Equivariant QNNs outperform non-equivariant models in symmetry-based tasks.

The model effectively captures $p4m$ symmetries including reflections and rotations.

Experimental results show improved generalization in phase detection and MNIST classification.

Abstract

Quantum Neural Networks (QNNs) are suggested as one of the quantum algorithms which can be efficiently simulated with a low depth on near-term quantum hardware in the presence of noises. However, their performance highly relies on choosing the most suitable architecture of Variational Quantum Algorithms (VQAs), and the problem-agnostic models often suffer issues regarding trainability and generalization power. As a solution, the most recent works explore Geometric Quantum Machine Learning (GQML) using QNNs equivariant with respect to the underlying symmetry of the dataset.

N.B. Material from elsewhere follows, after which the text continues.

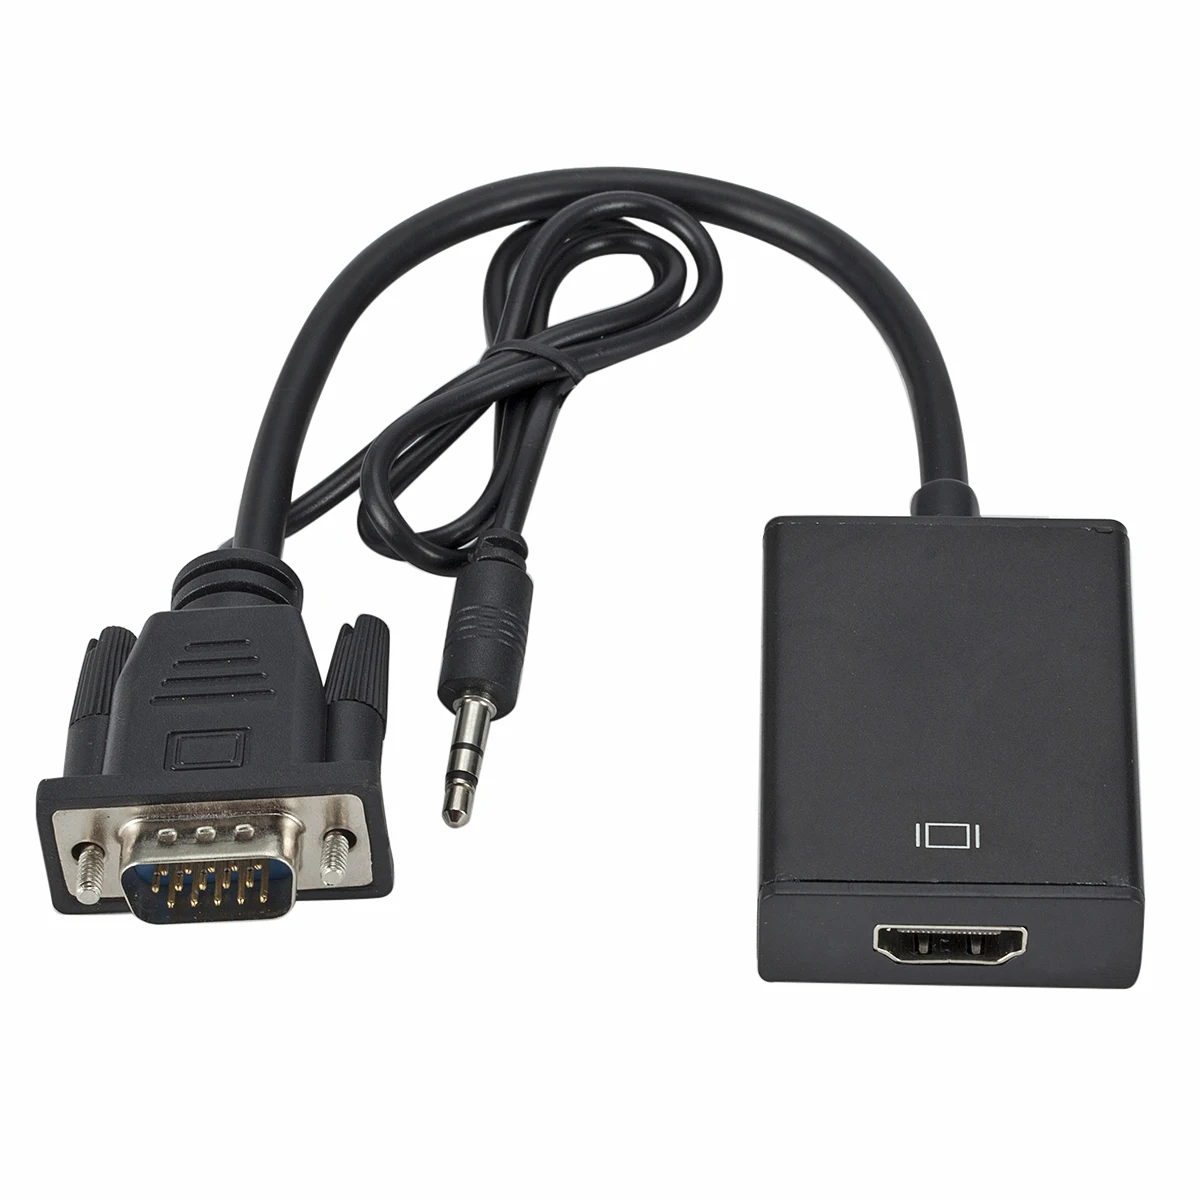 VGA Мужской к HDMI Женский конвертер Кабель-адаптер с аудио выходом 1080P VGA HDMI адаптер для ПК ноутбука к HDTV проектор r10 - Цвет: Черный
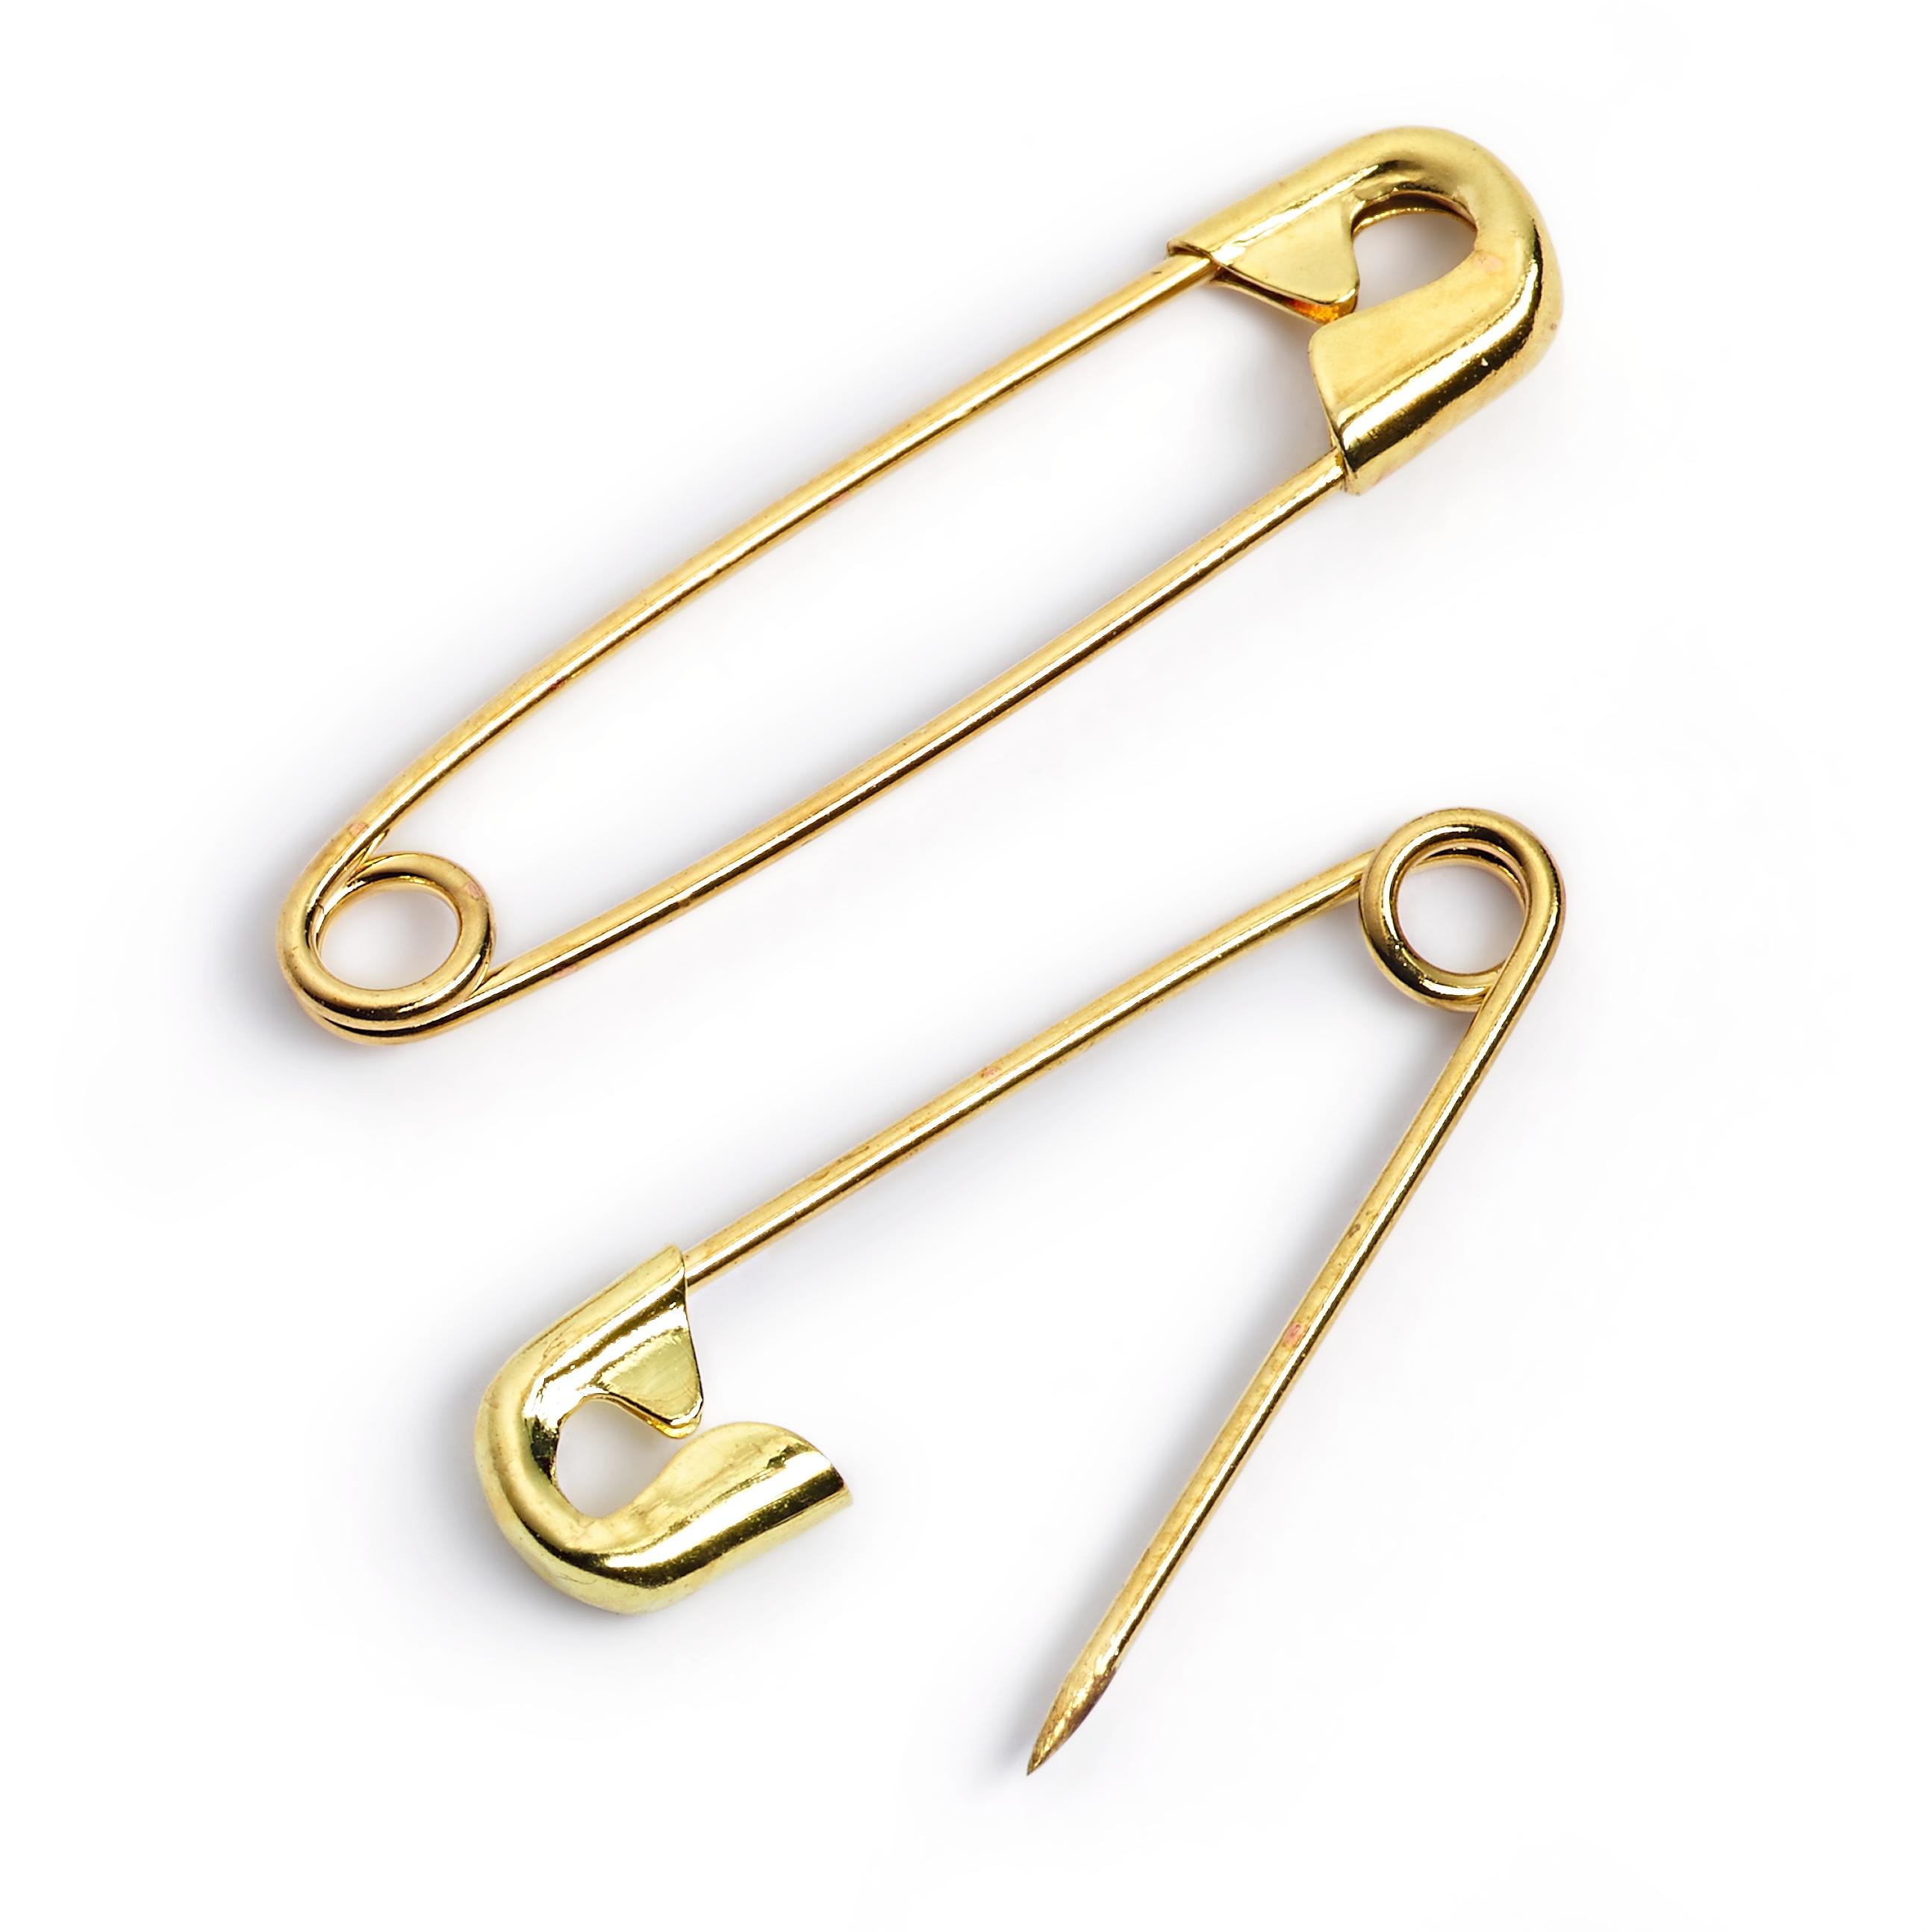 071165 Prym Brass Safety Pins Assorted 192327mm

GQML adds an inductive bias to the model by incorporating the prior knowledge on the given dataset and leads to enhancing the optimization performance while constraining the search space. This work proposes equivariant Quantum Convolutional Neural Networks (EquivQCNNs) for image classification under planar $p4m$ symmetry, including reflectional and $90^\circ$ rotational symmetry. We present the results tested in different use cases, such as phase detection of the 2D Ising model and classification of the extended MNIST dataset, and compare them with those obtained with the non-equivariant model, proving that the equivariance fosters better generalization of the model.